■ **What needs to be done**
When the data below is printed, every line must match exactly and the images must be absent.

■ **Provided data**
*** Block opens ***
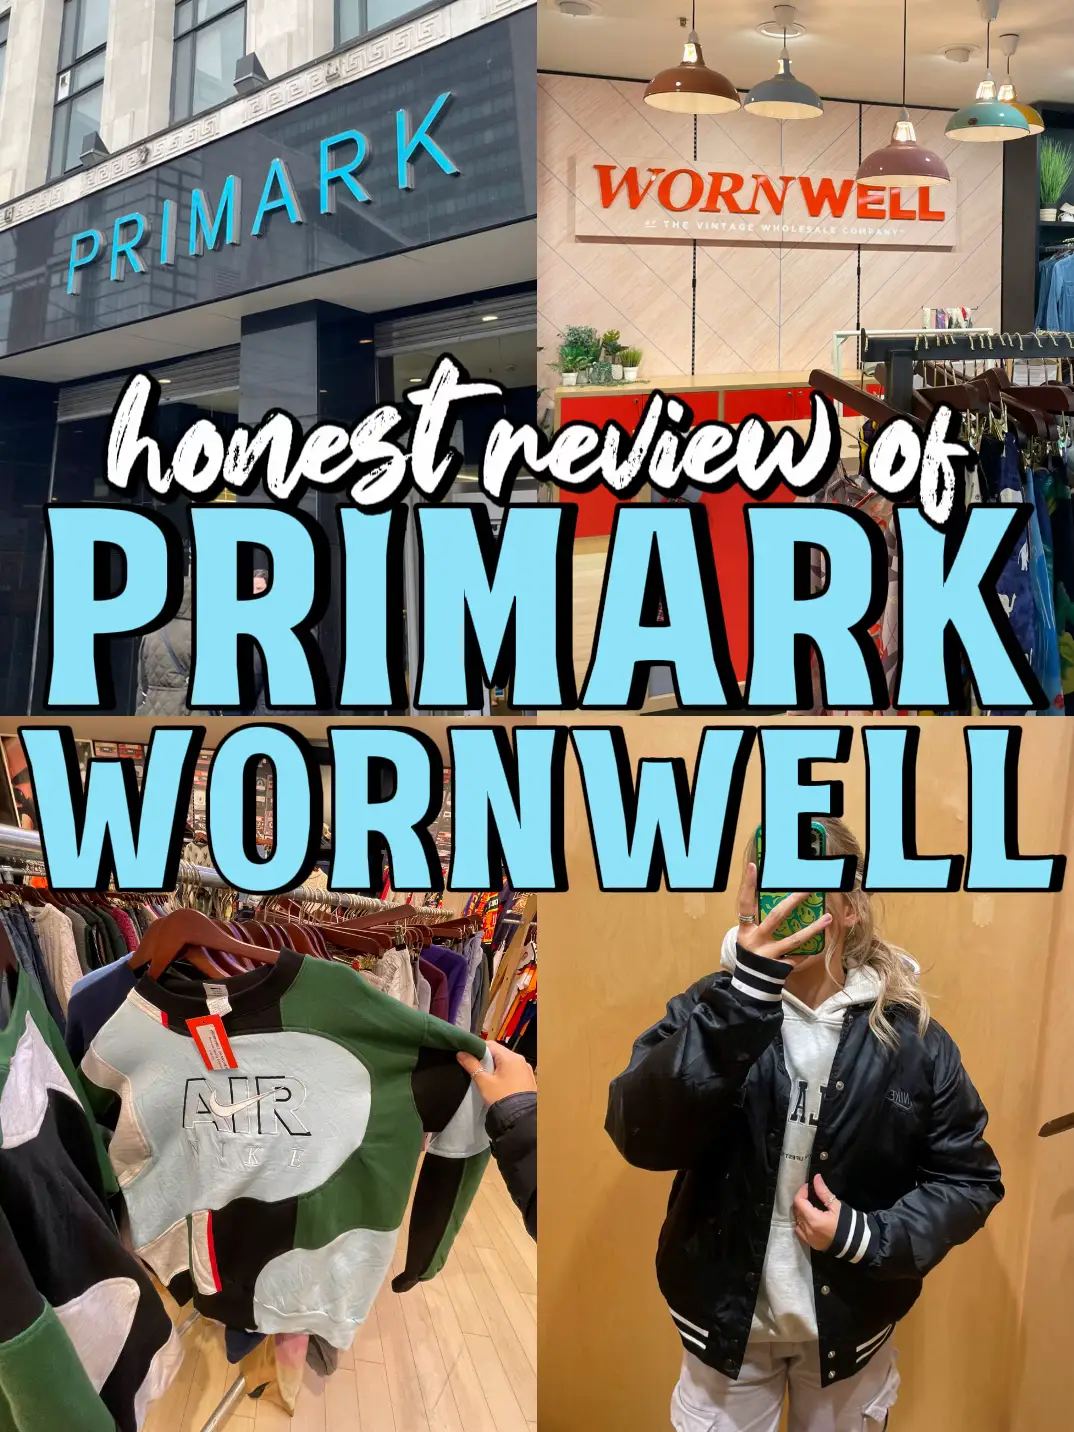 Primark velvet plush leggings review 🤭🤭 these were definitely weara
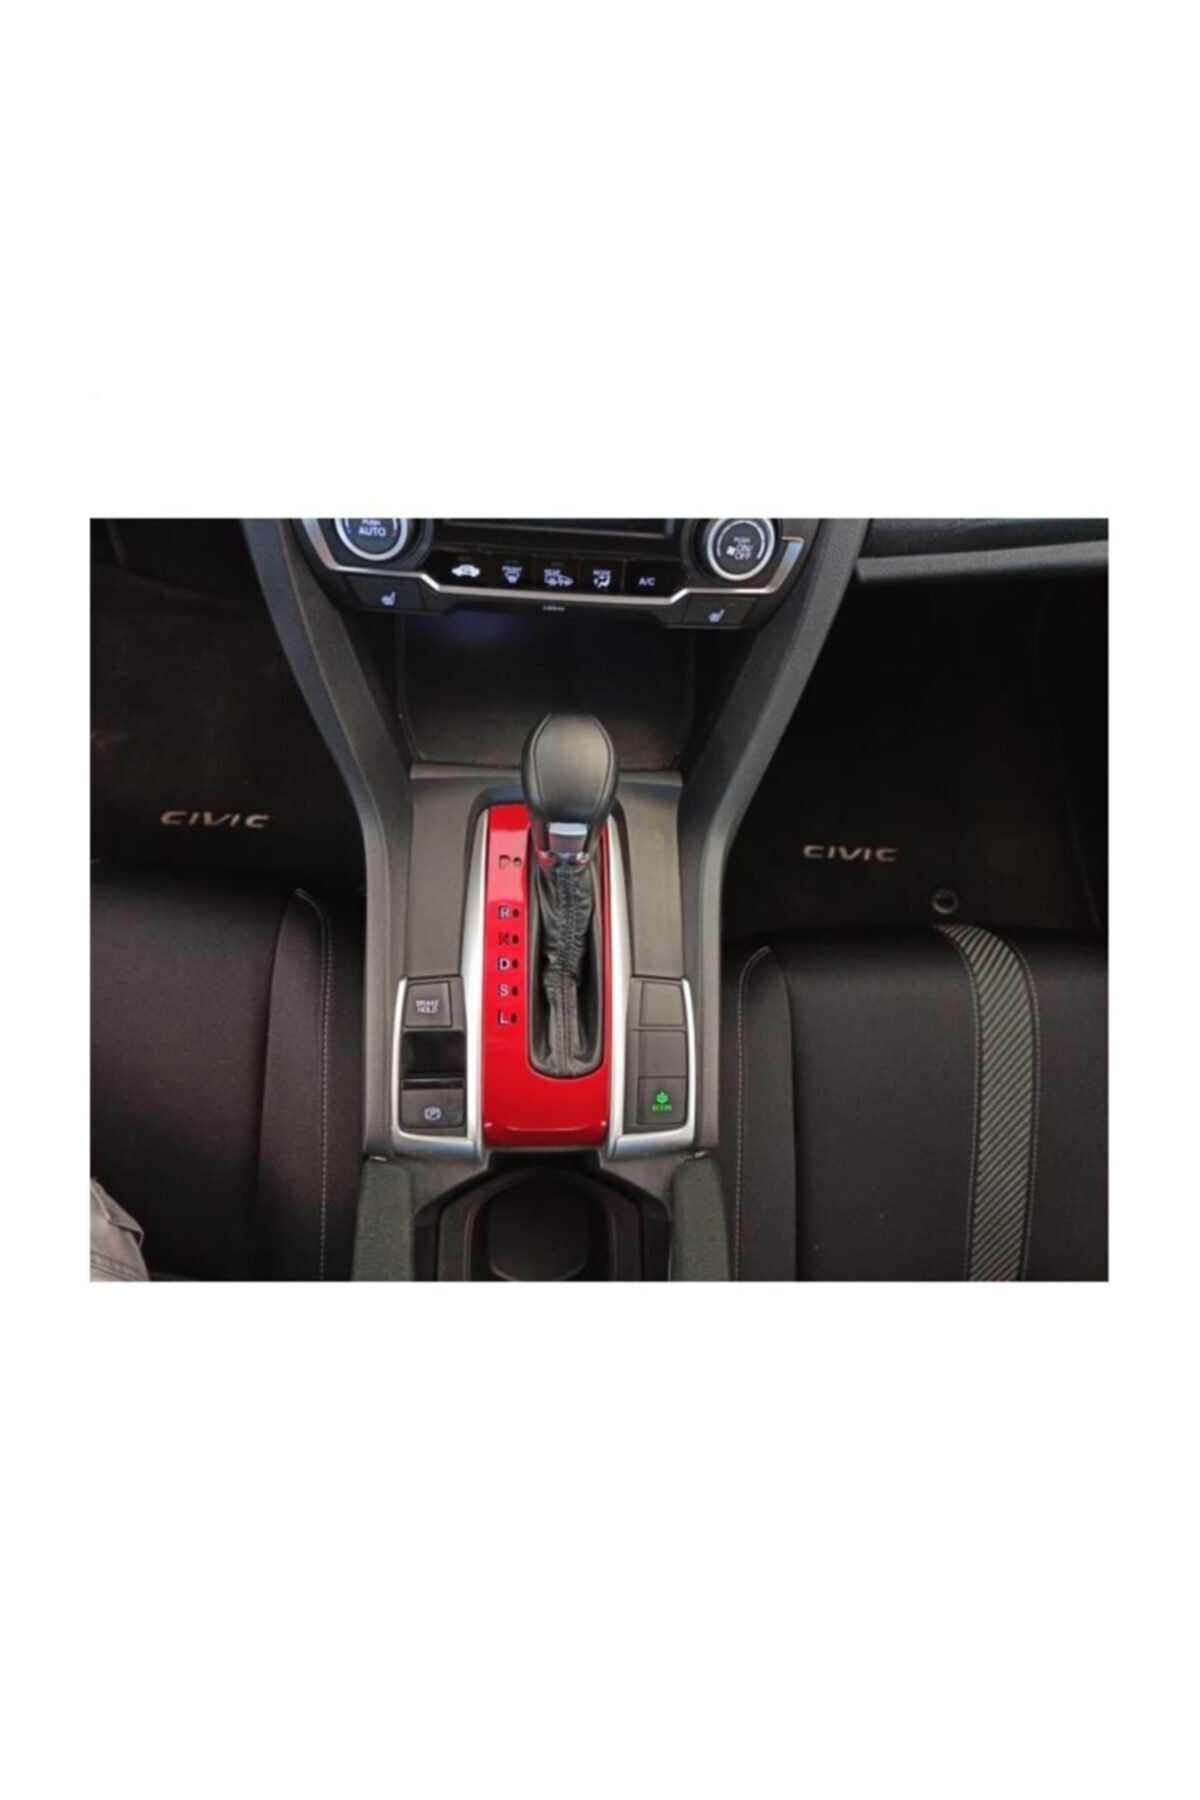 REPLAX Honda Civic Fc5 Fk7 Otomatik Vites Kaplaması Kırmızı 2016-2020
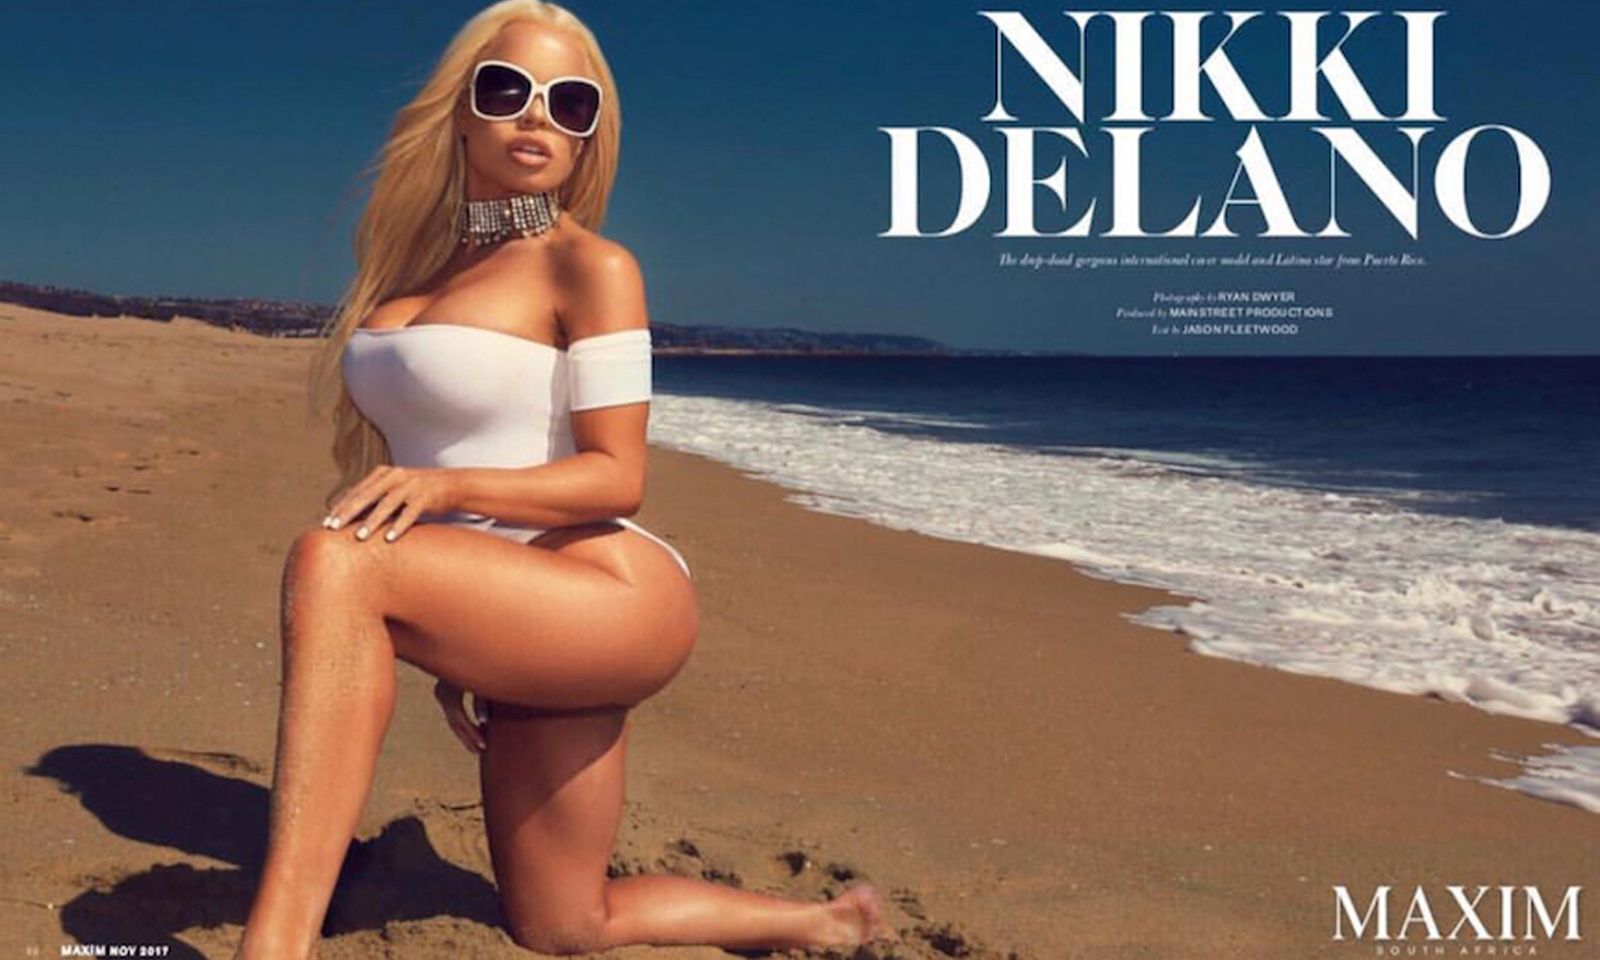  Nikki Delano Scores Six-Page Spread in Maxim Magazine
*** Block closes ***
■ **Your response**
 Primark velvet plush leggings review 🤭🤭 these were definitely weara
 REPLAX Honda Civic Fc5 Fk7 Otomatik Vites Kaplaması Kırmızı 2016-2020
  Nikki Delano Scores Six-Page Spread in Maxim Magazine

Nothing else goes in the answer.